EXERCISE: What is needed is an exact reproduction of the lines in the records below, starting at the line with "silhouette artist tim arnold" and ending at the line with "Bawełniany ręcznik w", both included, and nothing else; pictures stay out.

GIVEN INFORMATION:
===============

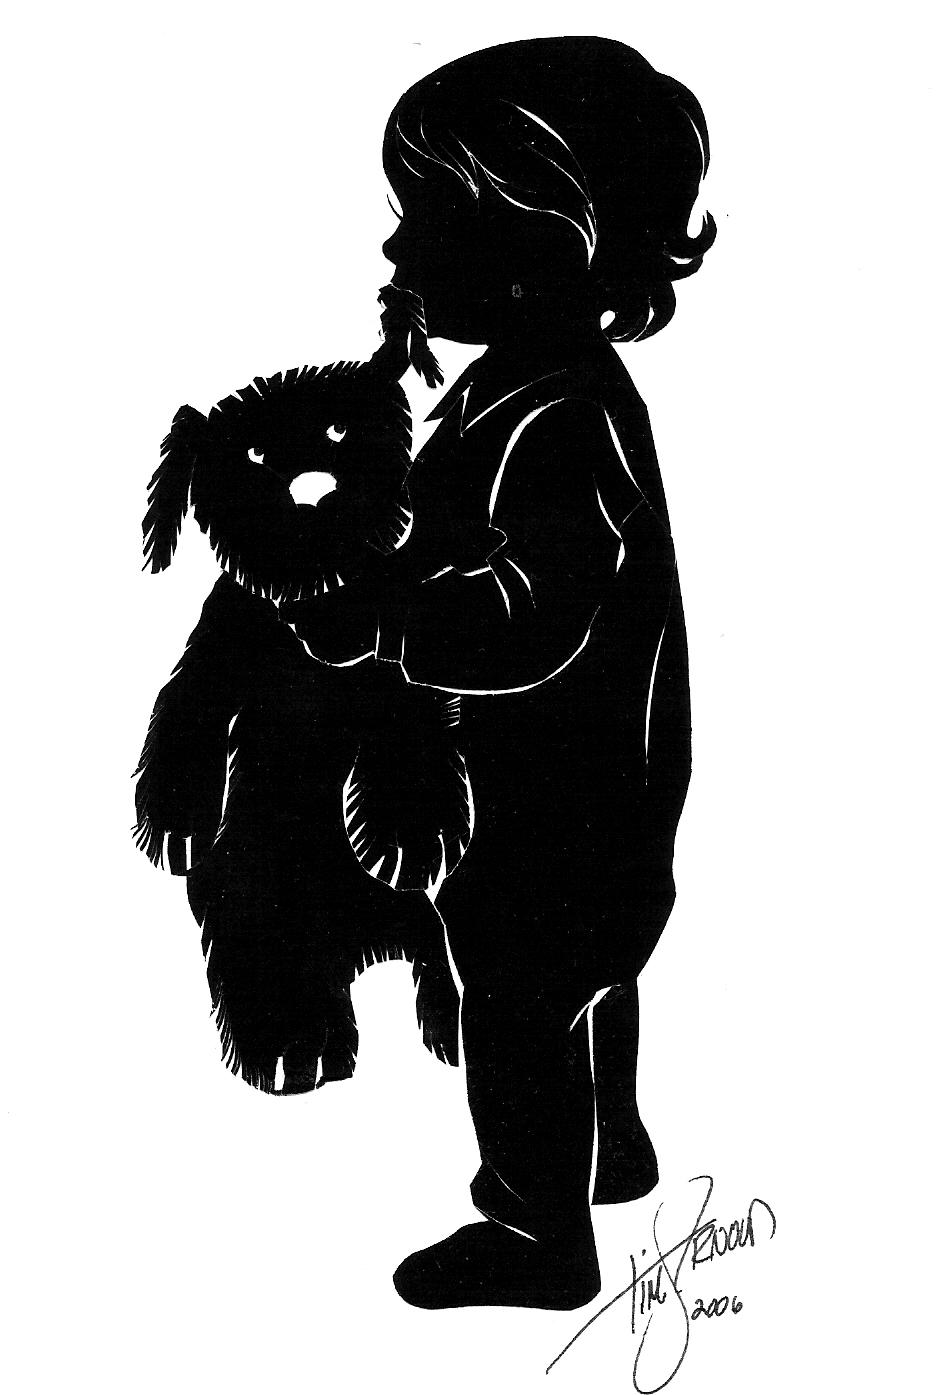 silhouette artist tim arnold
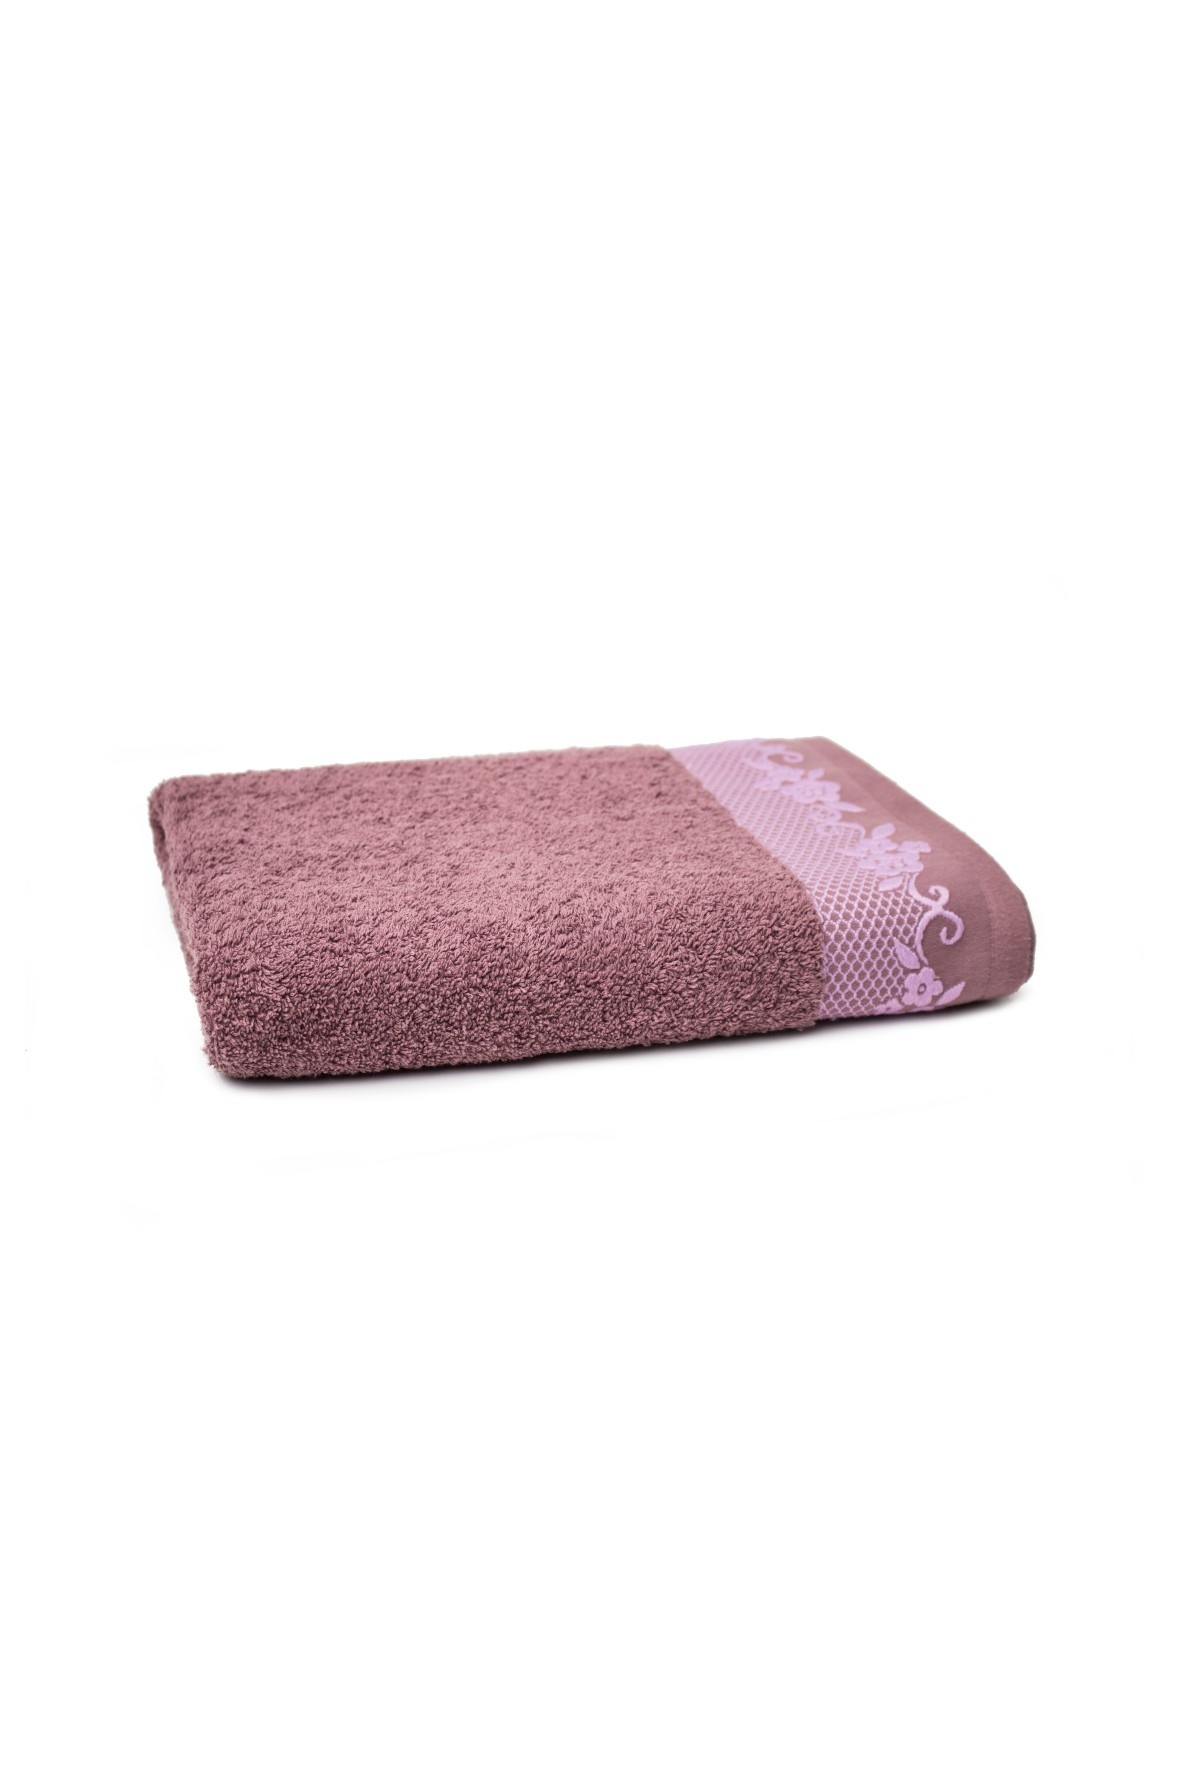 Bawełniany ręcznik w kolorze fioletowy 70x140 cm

===============

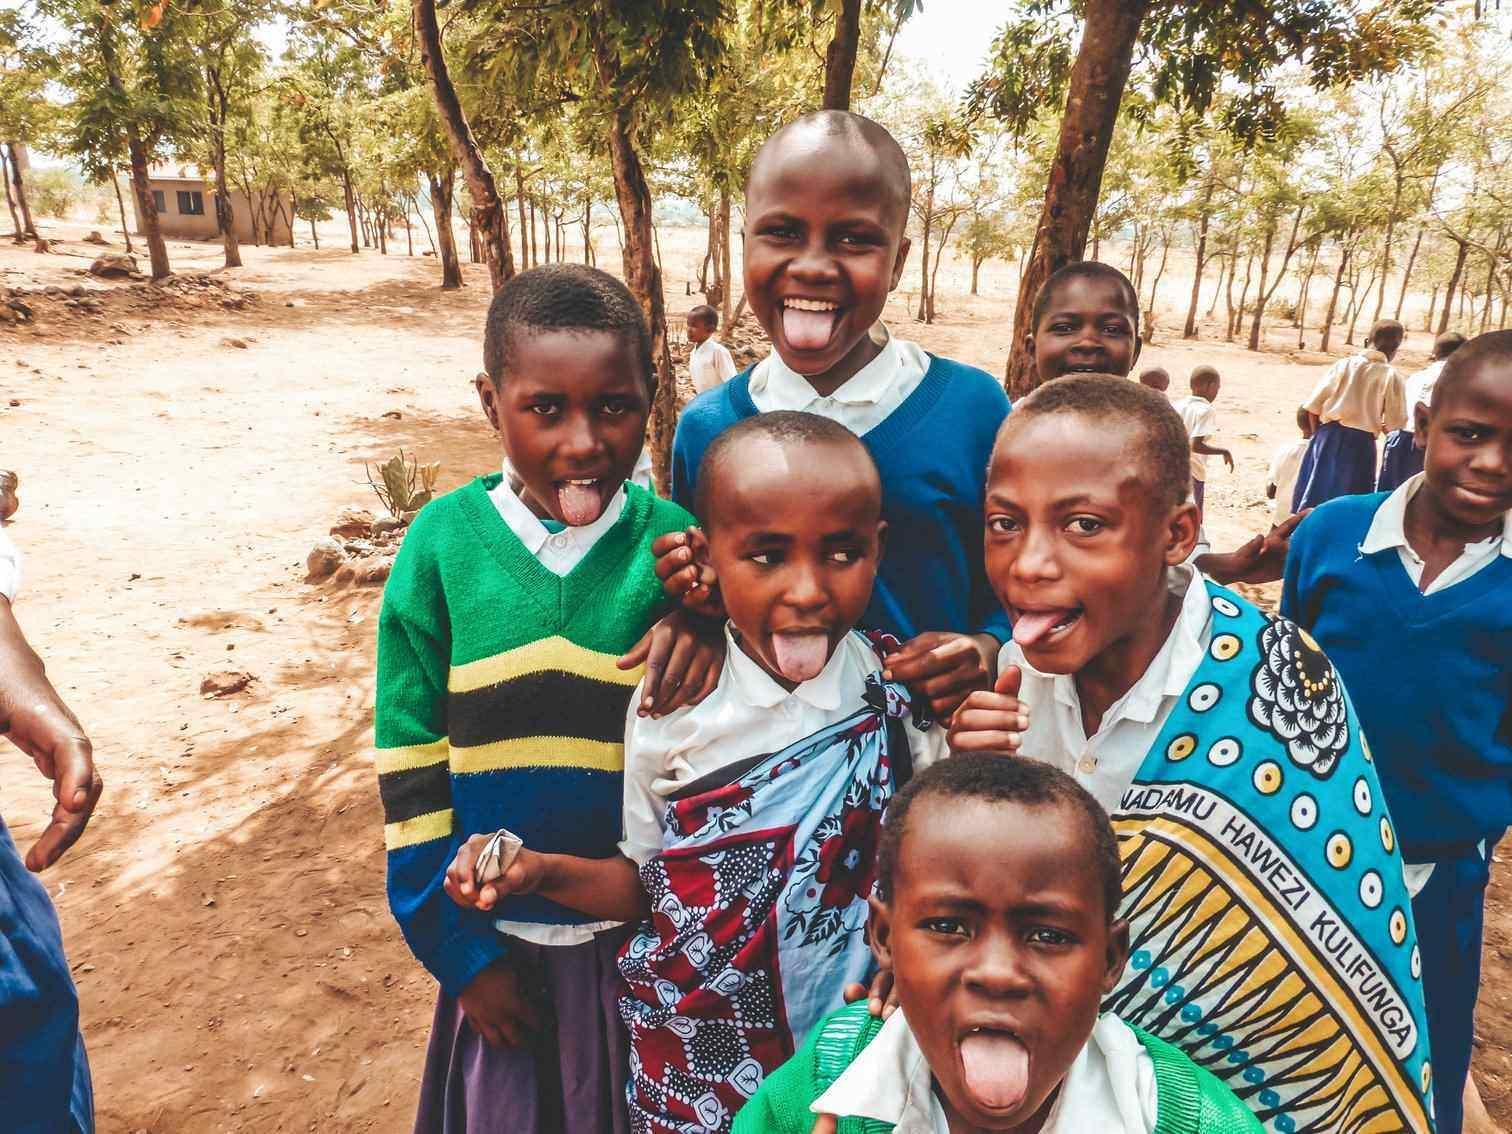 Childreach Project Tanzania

===============

ANSWER SECTION:
 silhouette artist tim arnold
 Bawełniany ręcznik w kolorze fioletowy 70x140 cm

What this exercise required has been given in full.